If you’re open-minded and treat people with respect, TikTok’s boogeyman promises she won’t come after you.
Afualo said she used to be a lot more “aggressive” when it came to these response videos, but TikTok’s community guidelines, which ban bullying, “choked [her] out.”
“There are certain things I can’t or won’t poke fun at. The furthest I can go is comparing them to something silly. It’s funny, but it’s also a read. I have to be creative,” she said. “Every man on that f***ing app that hates me calls me a fat cow 20,000 times a day, but whatever.”
Afualo’s insults, though sometimes nitpicky drags about height and hairlines, require men to prepare airtight presentations before posting their hot takes. It’s not meant to silence men, it’s meant to make them think: How can I make my argument as solid as possible — in word and appearance — before saying something TikTok’s Bloody Mary can pick apart? Will this be offensive to communities that have this protector waiting in the shadows to appear on my post and dunk on me?
She said that “9 times out of 10,” they just block her and delete the post or turn off the comments. It’s rare, but sometimes the people she responds to even apologize.
“I have a male fan base, too … it’s very small, but a couple of dudes have said … ‘I didn’t realize some of the traits I had were pretty toxic until I watched your videos,’” Afualo told In The Know. “I mean, we love self-reflecting, right? You can always unlearn everything that you learned.”
Afualo’s responses aren’t just for the “bigots,” either. She’s a protector and a fighter, but she’s been an inspiration as well.
“People tell me I give them courage and strength to stand up for themselves,” she said. She arms her viewers with defenses against common or hurtful statements, like recycled fatphobic jokes and makeup shaming.
By placing herself directly between combative users and the vulnerable people they attack, Afualo has made herself the target of a lot of hate.
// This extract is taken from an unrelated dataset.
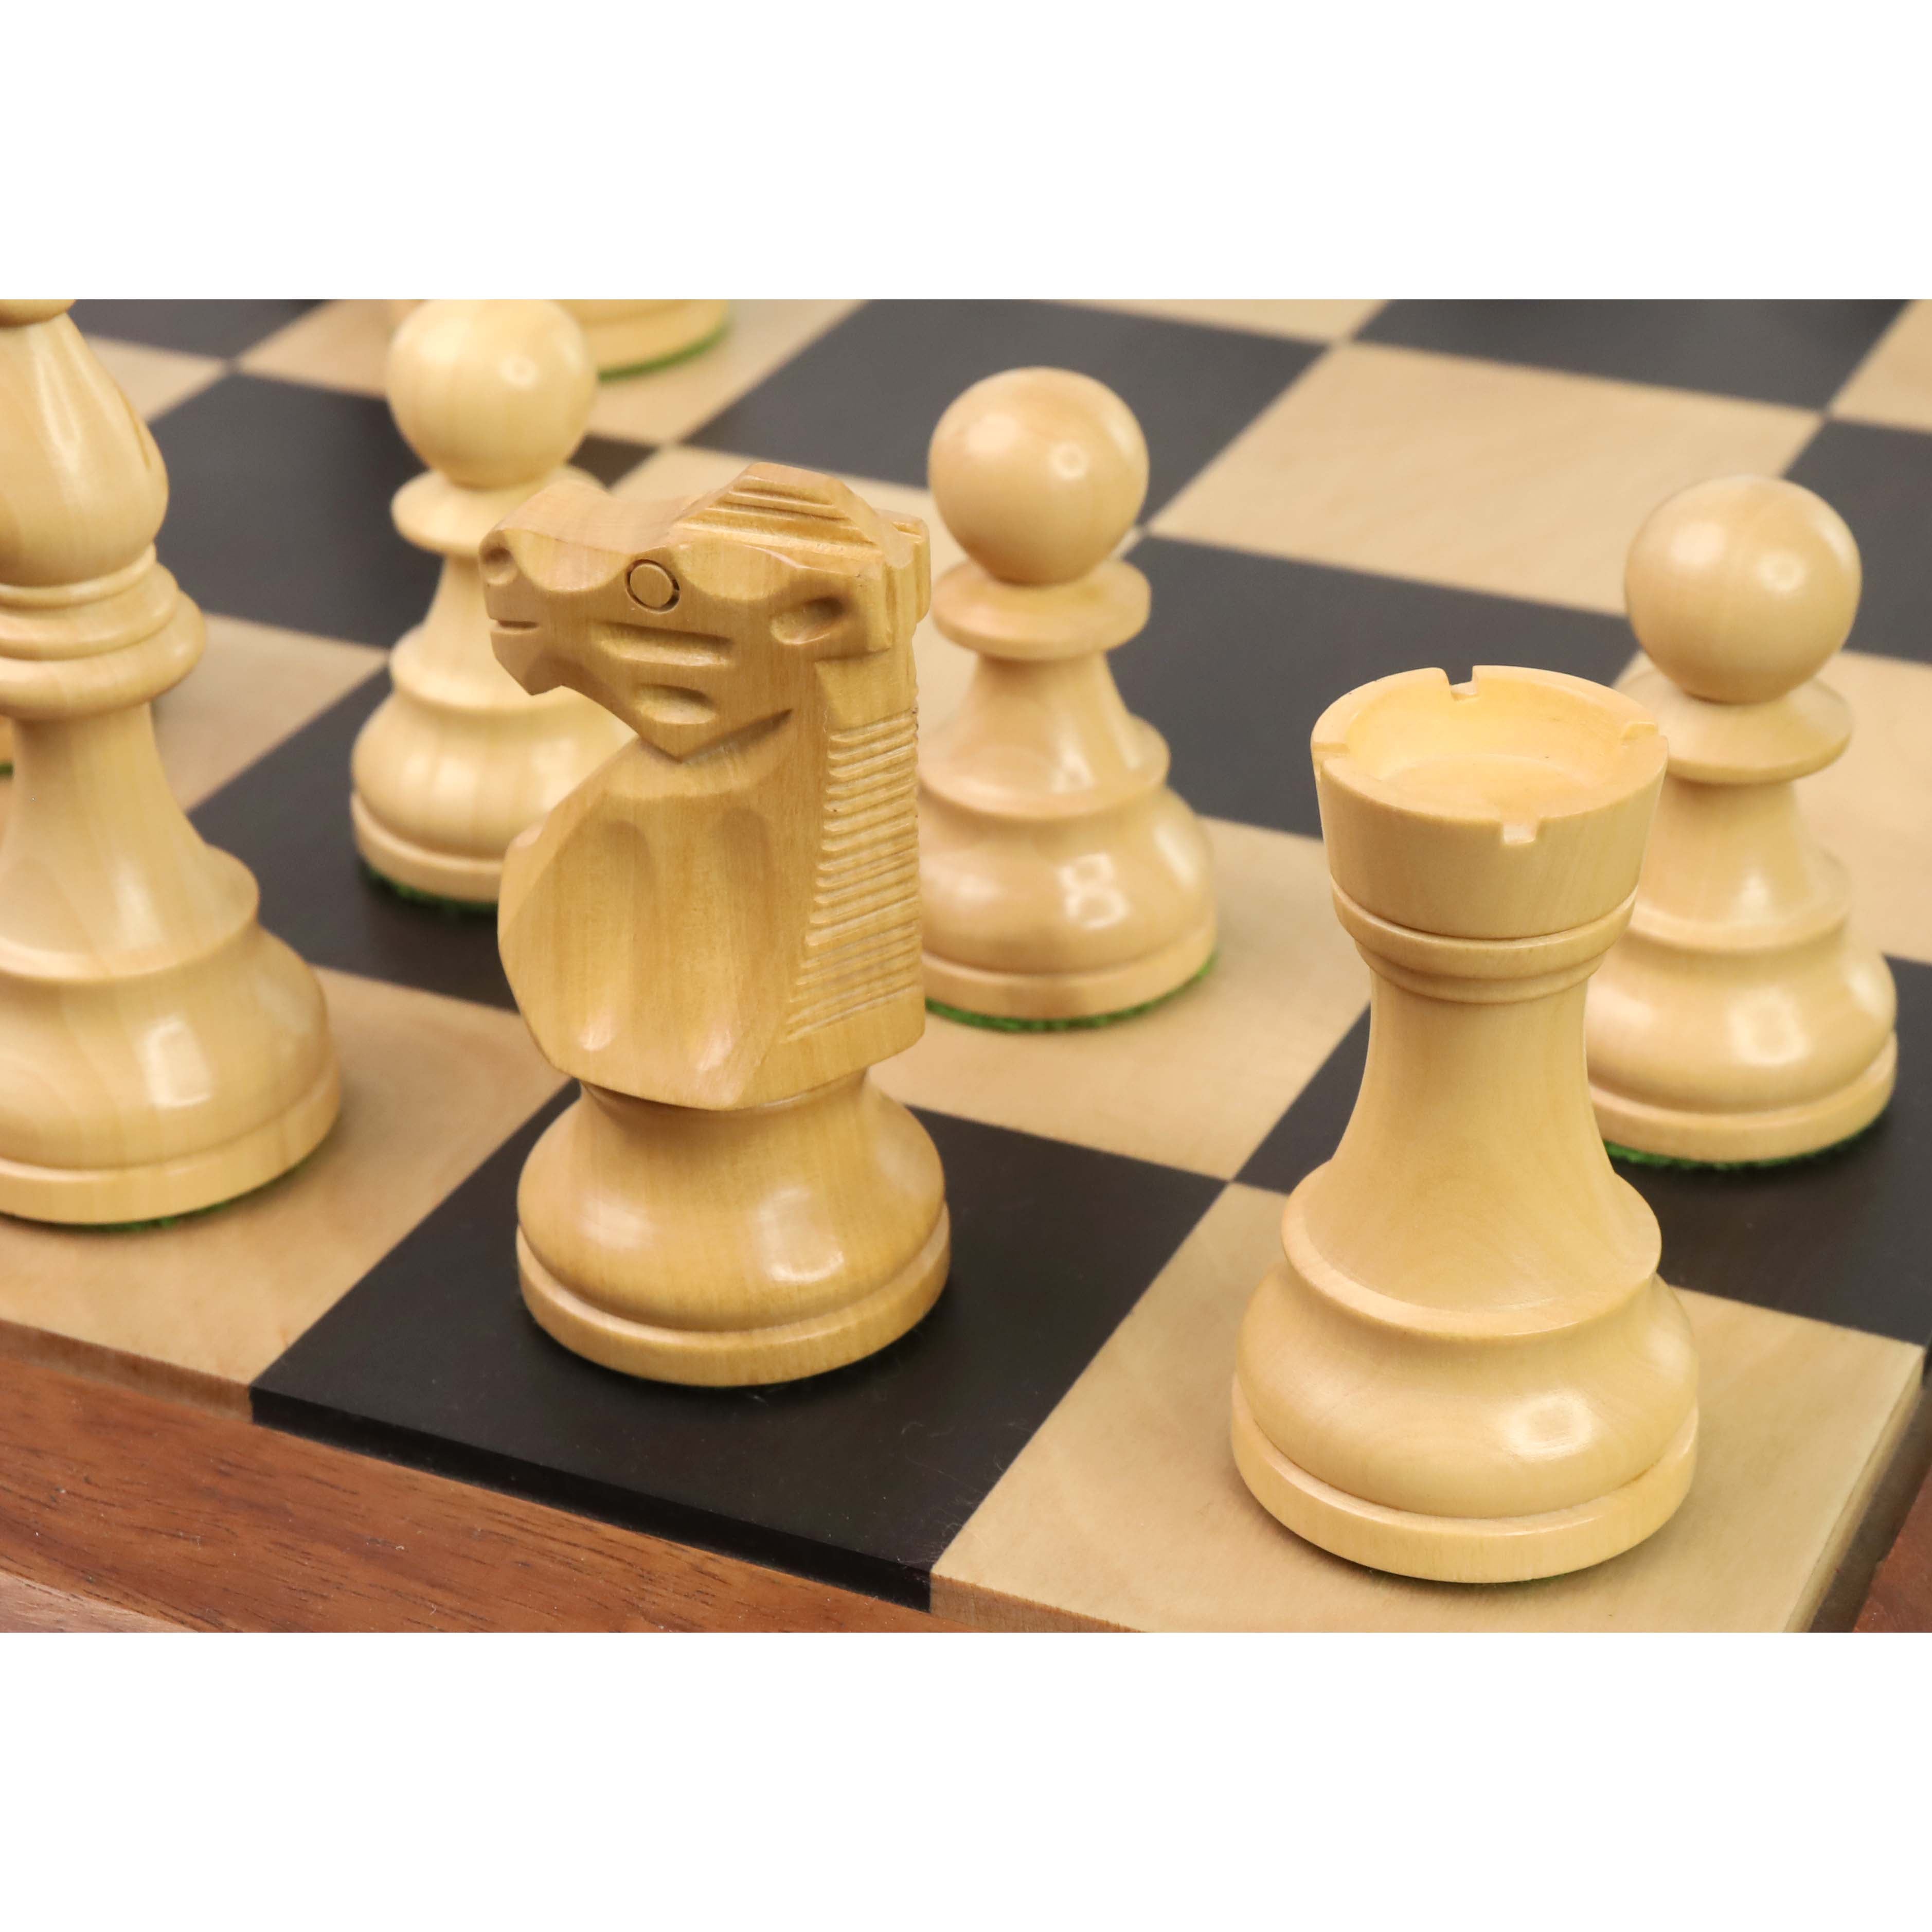 French Lardy Staunton Chess Set with Ebonized & Boxwood Pieces - 2.75 King

At first, she tried to respond to it all , biting back with her signature wit, but as her platform grew, she couldn’t manage it anymore — not that she really needed to.
“Online, everybody gets brave, right? Because they’re hiding. I’ve said it before, and it’s not a joke — nothing these men can say can hurt my feelings. I’ve heard it all before,” she said. “I will never care what anybody thinks about me if it’s not coming from the people I care most about. I don’t need to weigh my worth with strangers who are never going to mean anything to me.”
She credits her solid familial relationships and the “true, foundational love” between her parents for instilling a sense of self-confidence in her at a young age. She described her mom as “strong and confident,” her dad as “emotionally intact” and said they constantly uplift each other.
“When men are like, ‘where are your parents?’ I’m like, ‘my parents are my biggest fans,’” Afualo said, noting that sometimes people make fun of her for that, but she doesn’t care. “It’s not like I think I’m better than everybody else. I just love myself enough to know that the words that you say to me are not going to affect me.”
When Afualo is at home with her family or hanging out with her boyfriend of four years, she’s still that same person who keeps going viral on TikTok for her verbal beatdowns of bigots. She achieved viral boogeyman status by simply picking up her phone and speaking directly to someone, and that’s exactly how she’s made all of her content since then.
She said she doesn’t find herself being that confrontational in her everyday life, though, because she “doesn’t surround [herself] with people like that” who necessitate such fiery responses. She coats herself in self-confidence, envelops herself with good people and channels that well-grounded power into protecting vulnerable communities in her own unique, feisty way.